Rumpled young growth with yellow specks
Remedy: Rinse off the infected plant and use insecticidal soap on new growing tips.
White cottony substance forming on the foliage
Remedy: Remove with tweezers or a cotton swab dipped in alcohol, repeating the process after 6 days.
Why are the leaves on my philodendron turning yellow?
There are several reasons for this common occurrence.
The first one is cold temperatures. It is normal for this plant to shed some older leaves, it is time to worry when your plant’s leaves turn yellow at once. It is due to stress from cold temperatures or cold floors.
Another reason is too much light if healthy leaves turn yellow.
Pale new growth can also grow pale due to insufficient fertilizer or the fertilizer you are using lacks magnesium or calcium.

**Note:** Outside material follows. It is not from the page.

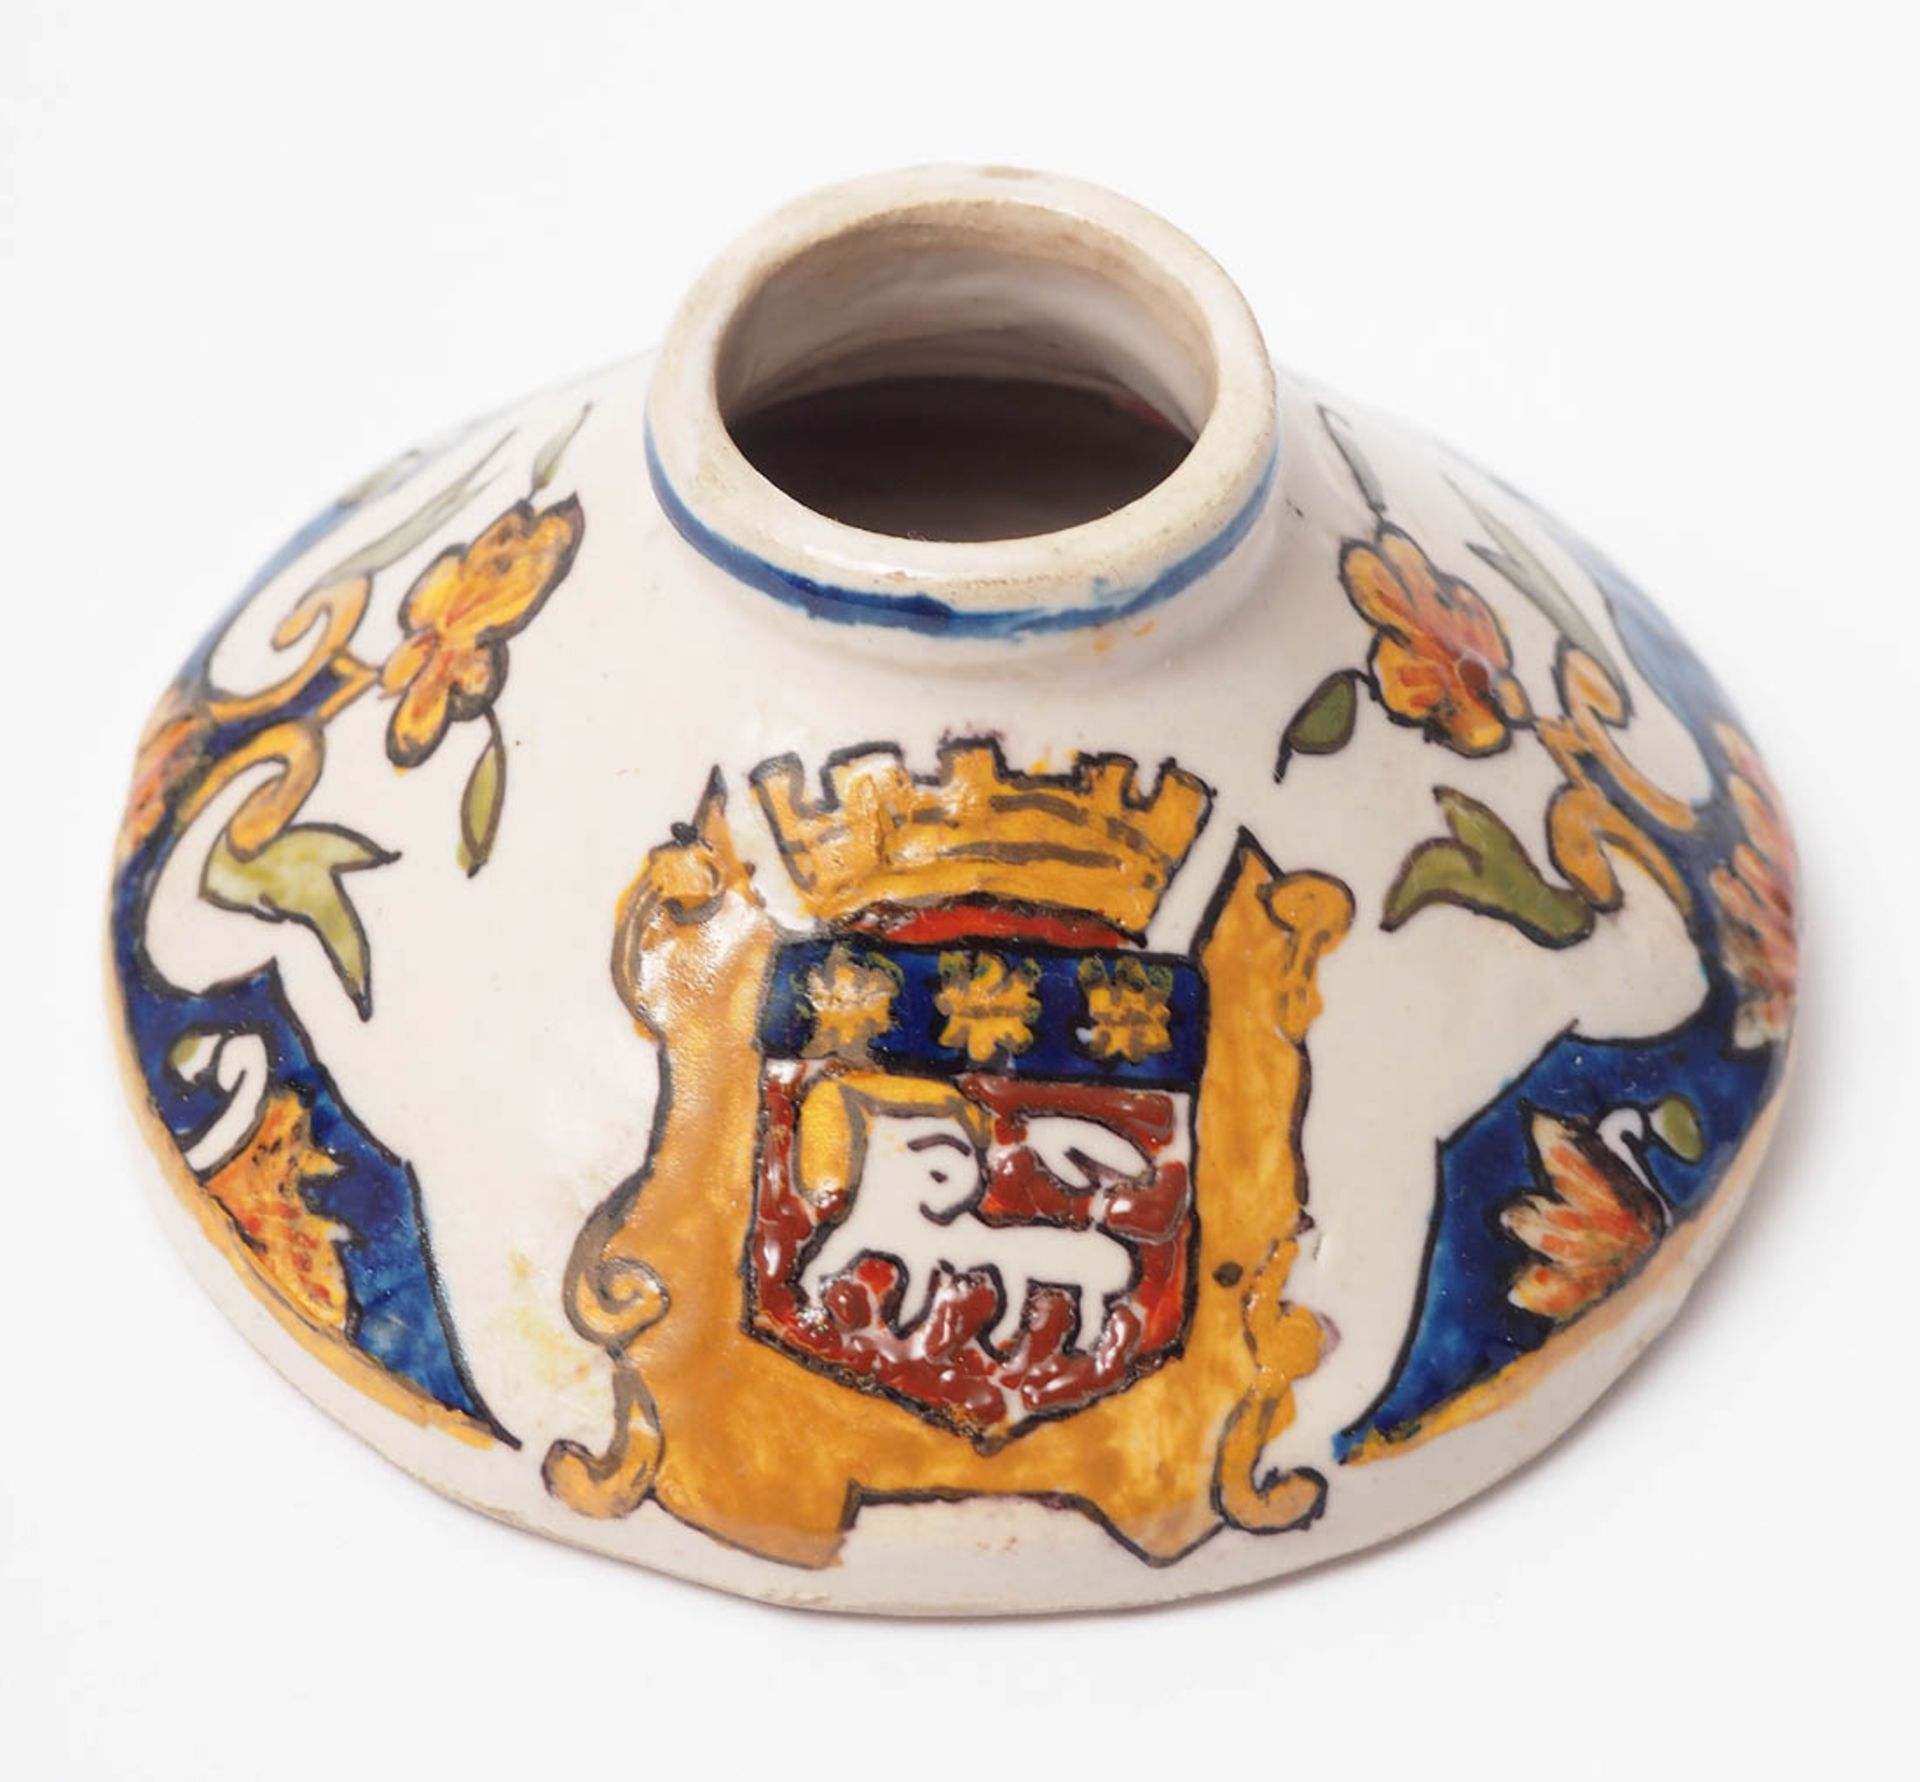 Sechs Teile Keramik, Rouen Wandteller, Schälchen, zwei Kerzenleuchter, kleine Vase und Krug. - Image 6 of 6
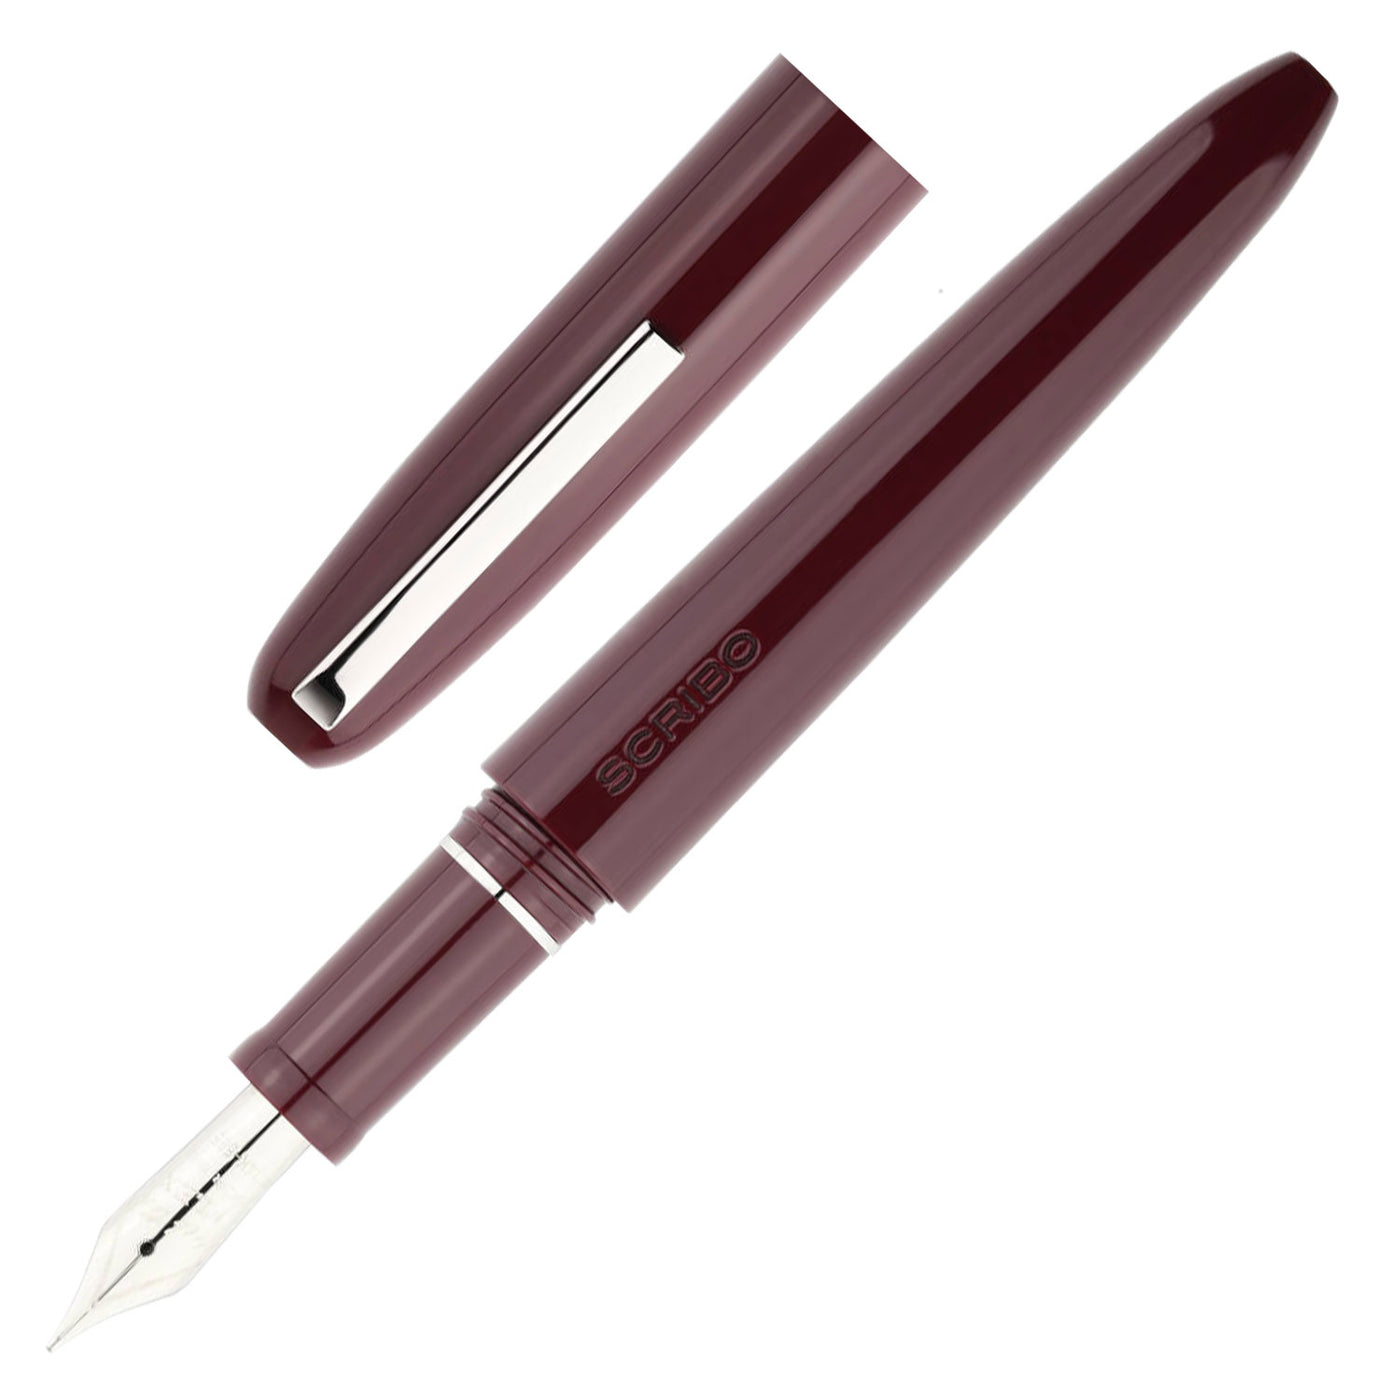 Scribo Piuma Fountain Pen - Ratio (Limited Edition) 1

Also, yellowing of leaves may occur the first few weeks when you bring a plant home from a shop, especially smaller leaves that get shaded out by larger leaves. Always choose a healthy plant. And if that happens, don’t fret, since the plant needs some time to settle in.
Are philodendrons poisonous to dogs?
Yes, philodendrons are poisonous to pets and people if ingested. However, a reaction will be made manifest only if large amounts are ingested. Still, make sure your pets are safe and be on the lookout for any potential reaction. Take your pets to the doctor as soon as possible.
Can philodendron grow in water?
Philodendron plants can form roots in water as one method of propagation. First, you take the cutting, removing a few bottom leaves and dipping it into water. Roots will emerge within three weeks and sometimes a month.
You can also grow your cutting in water completely, this is known as hydroculture. Remember you’ll have to add liquid plant food to the water occasionally to provide nutrients the plant would otherwise take from the soil.
Do philodendrons clean the air?
NASA’s research has found that Philodendrons have the ability to clean the air indoors, especially Heartleaf, Elephant ear and Selloum.
Philodendrons are considered staple plants, so easy and obliging that they deserve a mention and a place in everyone’s home. These plants come from shady places in the tropics and are best adapted to indoor gardening, plus they are widely available everywhere.
Beyond routine watering and feeding, the only maintenance it requires is periodic leaf cleaning, easily done with a soft, damp sponge or cloth. Tolerant of low light and less than ideal soil, even inconsistent watering regime-perfect for beginners.
All in all, this foliage plant creates great green drama and a very nice tropical accent along with other plants such as lady palms and dumb canes.